The carefully tuned offset provided by the acoustic labyrinth is responsible for the specific shape of the supercardioid polar pattern.

2. Similar To Hypercardioid

Supercardioid and hypercardioid polar patterns are similar and often confused. They are both unidirectional patterns with 2 null points (a cone of silence) and a rear lobe of sensitivity.

  • Supercardioid is slightly less directional than hypercardioid.
  • Supercardioid has a smaller rear lobe of sensitivity than hypercardioid.

3. Very Popular In Film

The focused directionality of supercardioid microphones makes them popular choices in video production as both boom mics and camera mics. This is especially true when a supercardioid capsule is combined with an interference tube to make a lobar/shotgun polar pattern.

4. Unidirectional (Most Sensitive To Sounds In A Single Direction – On-Axis 0°)

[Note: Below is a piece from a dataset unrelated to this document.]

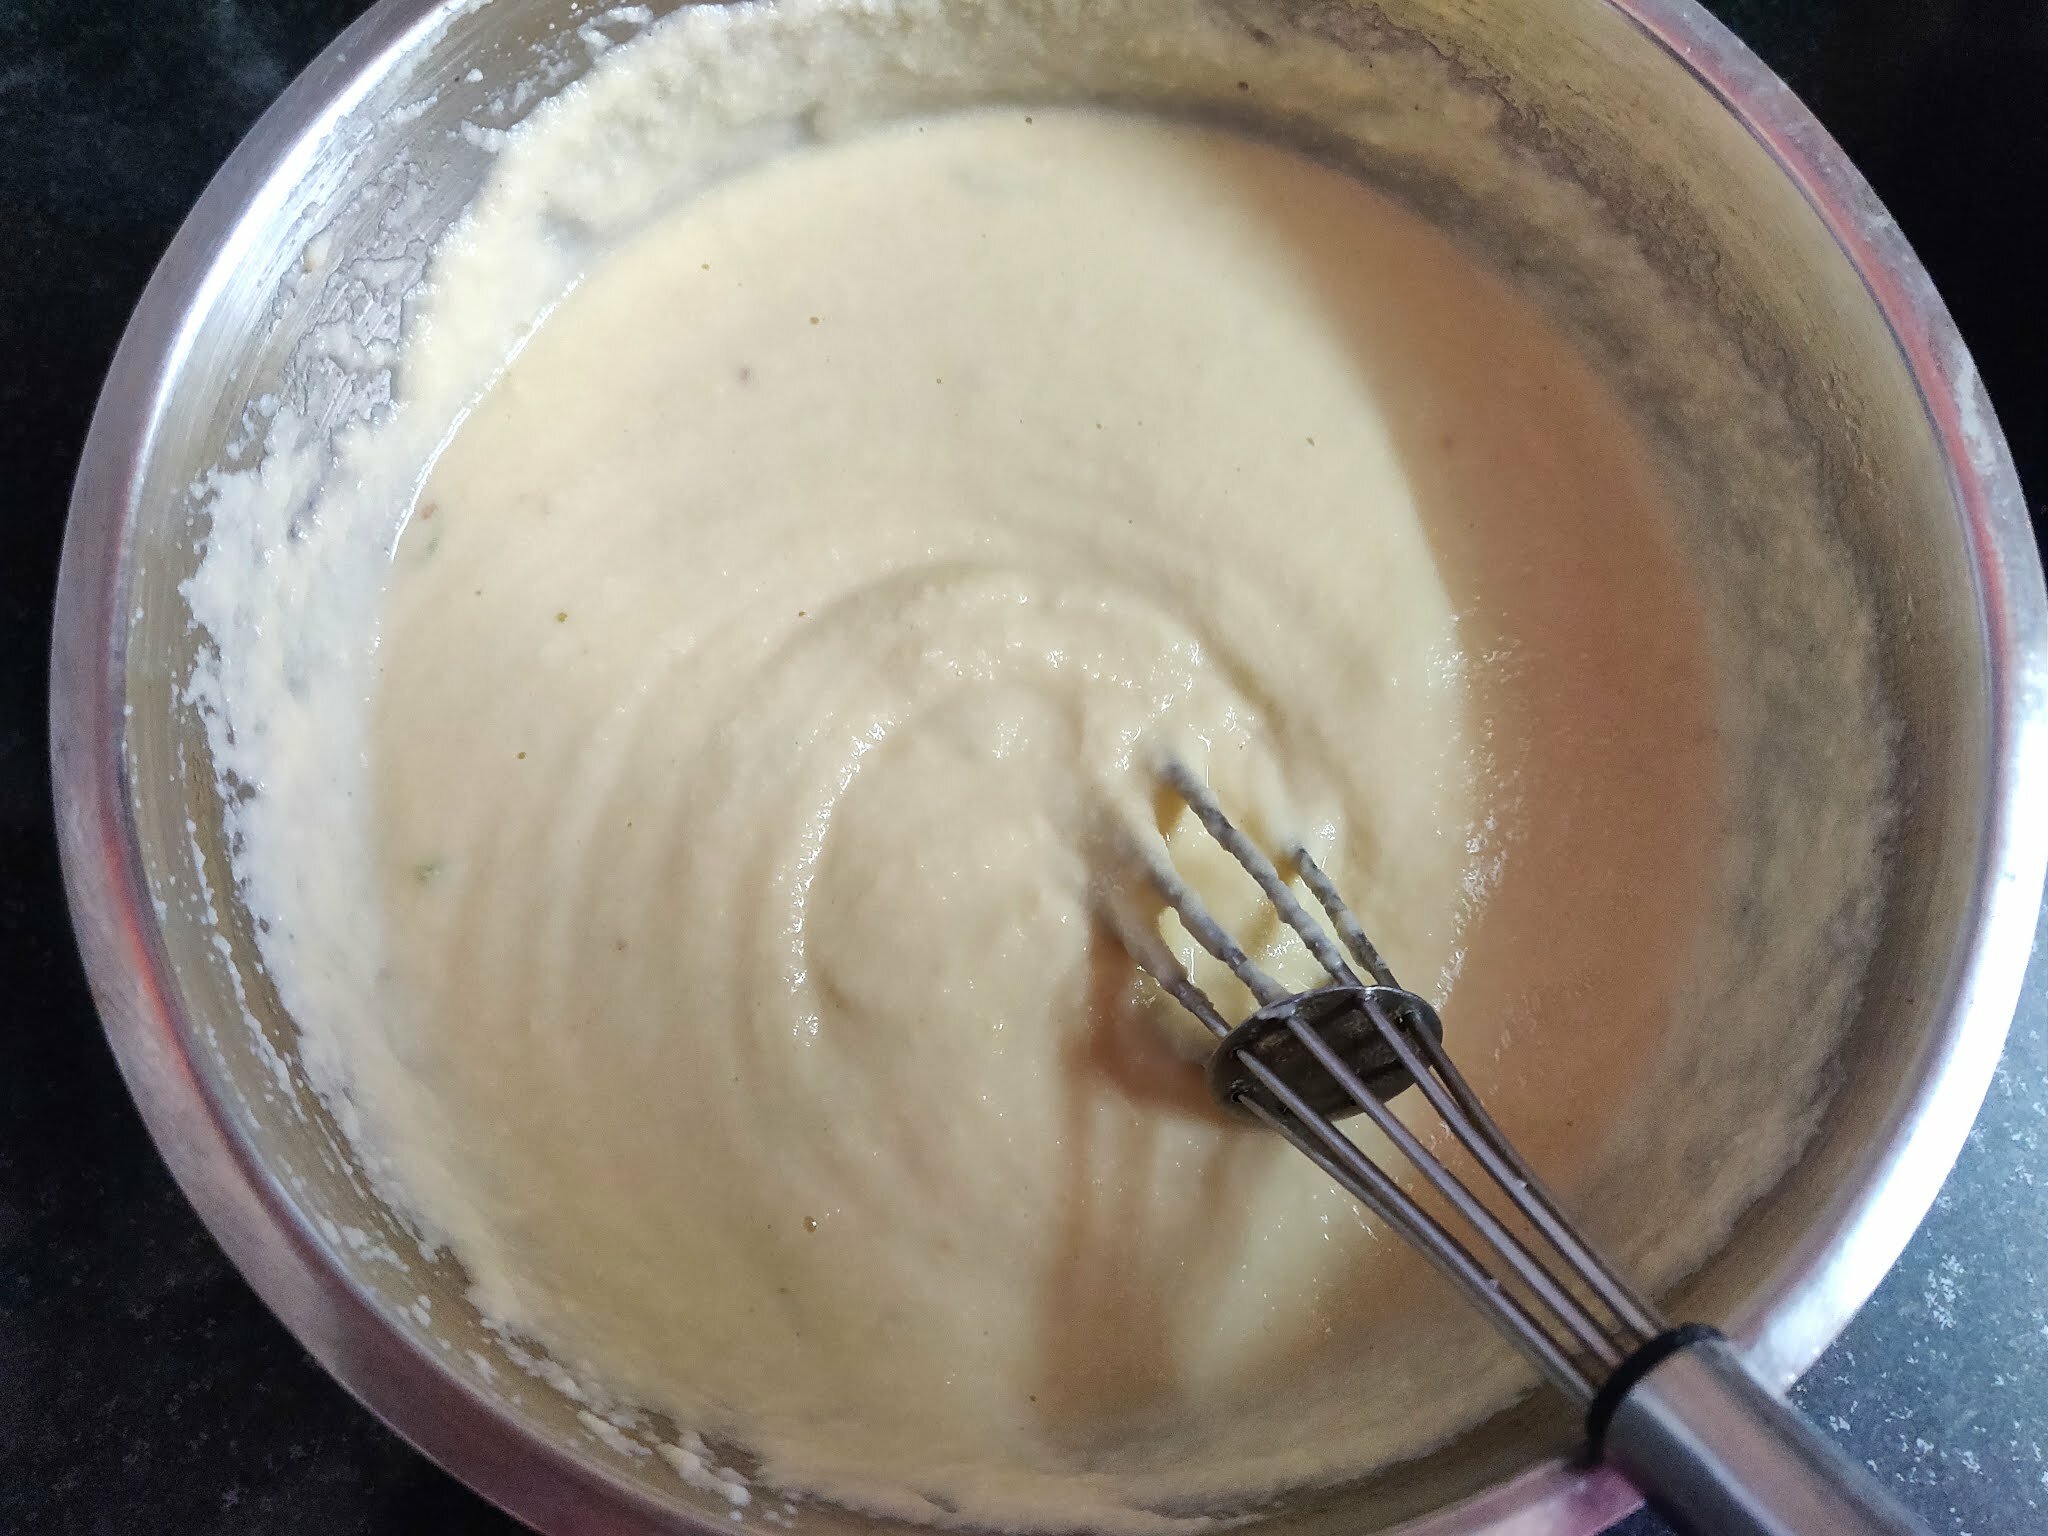 Whisking batter to aerate it.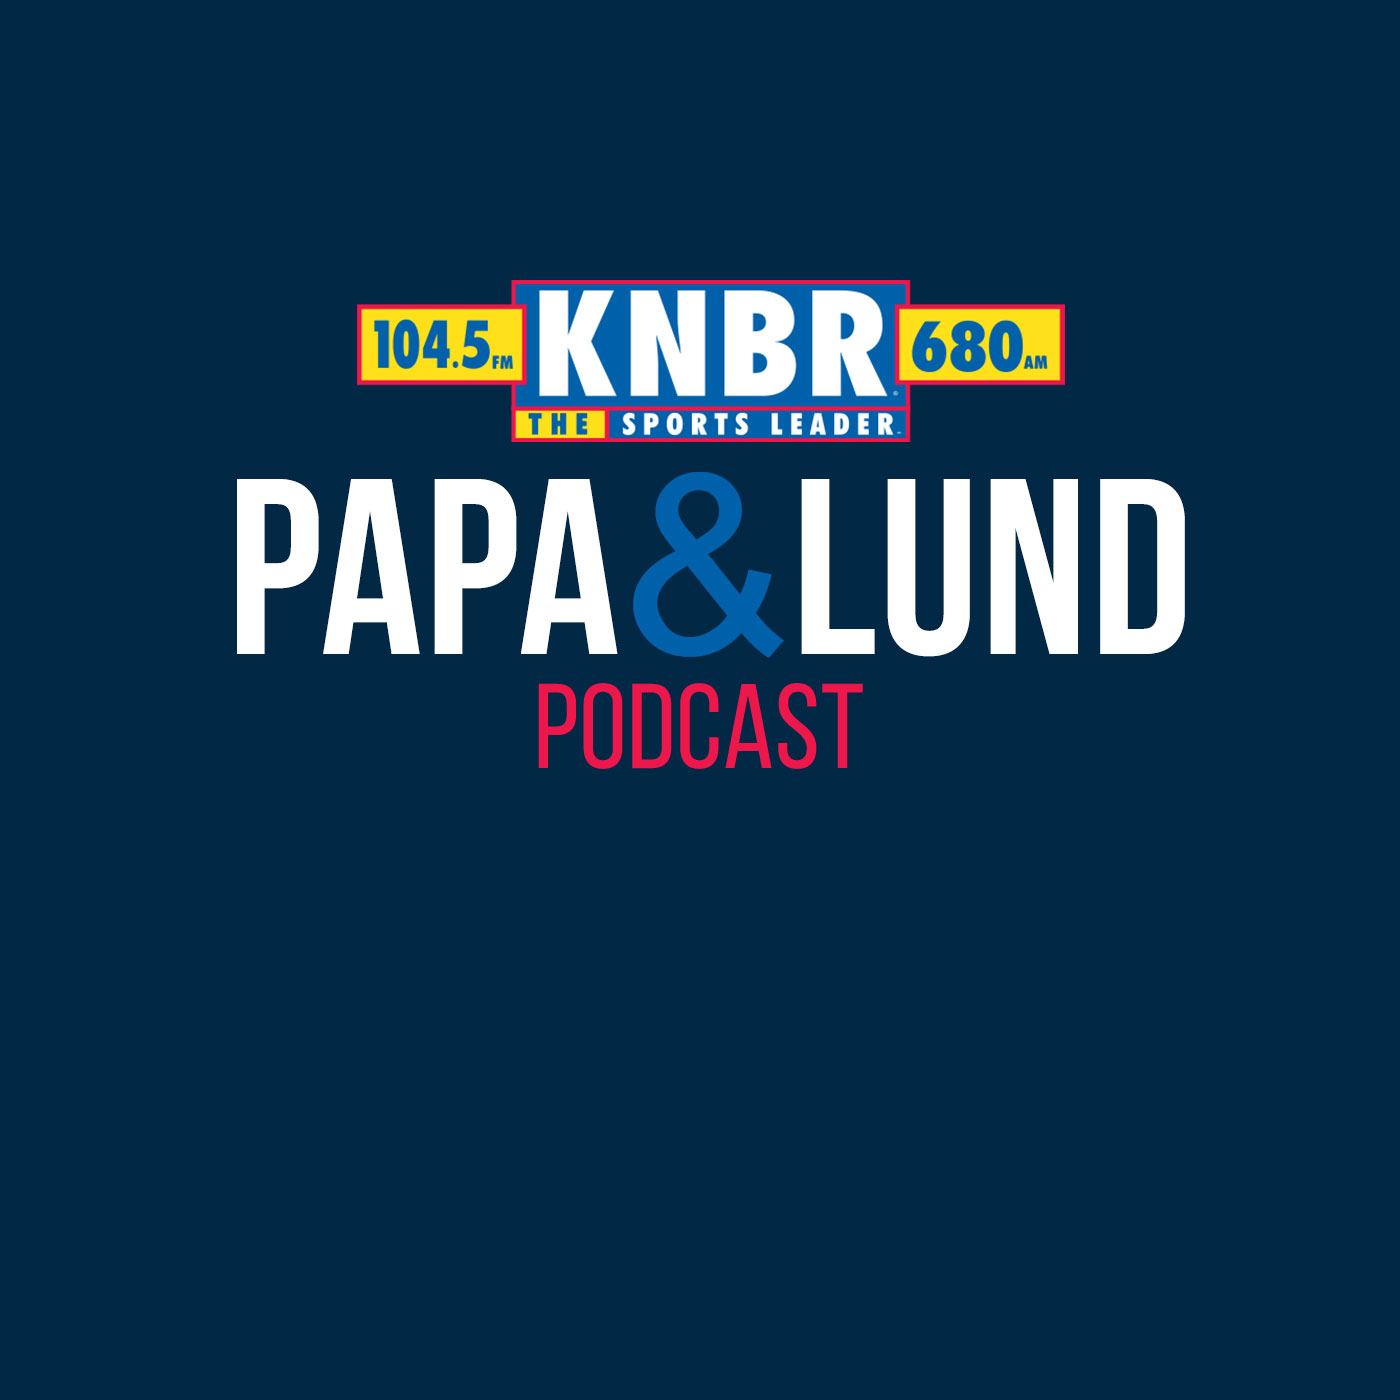 10-2 Susan Slusser joins Papa & Lund to discuss the circumstances that lead to the Giants moving on from Gabe Kapler, Brandon Crawfords farewell as well as who could be next in line to be the next skipper of the Giants

As with all unidirectional microphones, the supercardioid polar pattern is the most sensitive in a single direction (the 0° point on its polar response graph).

5. Rear Cone Of Silence: Null Points To The Rear (127° & 233°)

The ideal supercardioid polar pattern has null points at 127° and 233°. This means there is effectively a cone of silence (sound rejection) to the rear of the microphone.

This makes supercardioids a good choice for dual foldback monitor setups in live sound performance (when these monitors are set up at 127° and 233° from the supercardioid’s on-axis line.

6. Rear Lobe Of Sensitivity (Typically -10 dB Less Sensitive Than On-Axis)

The supercardioid polar pattern has a characteristic rear lobe of sensitivity that is typically 10 decibels less sensitive than its on-axis response. This is still a fair bit of rejection, but the microphone will still pick up sound from its rear.

7. Roughly 10 dB Less Sensitive At The Sides (90° & 270°)

A 10-decibel difference in sensitivity between the 0° on-axis response and the side responses of the supercardioid polar pattern is part of the reason why this pattern is so highly directional.

8. Sensitive To Vocal Plosives

Because the supercardioid polar pattern works on the pressure-gradient principle, supercardioid mics are prone to the overloading caused by vocal plosives.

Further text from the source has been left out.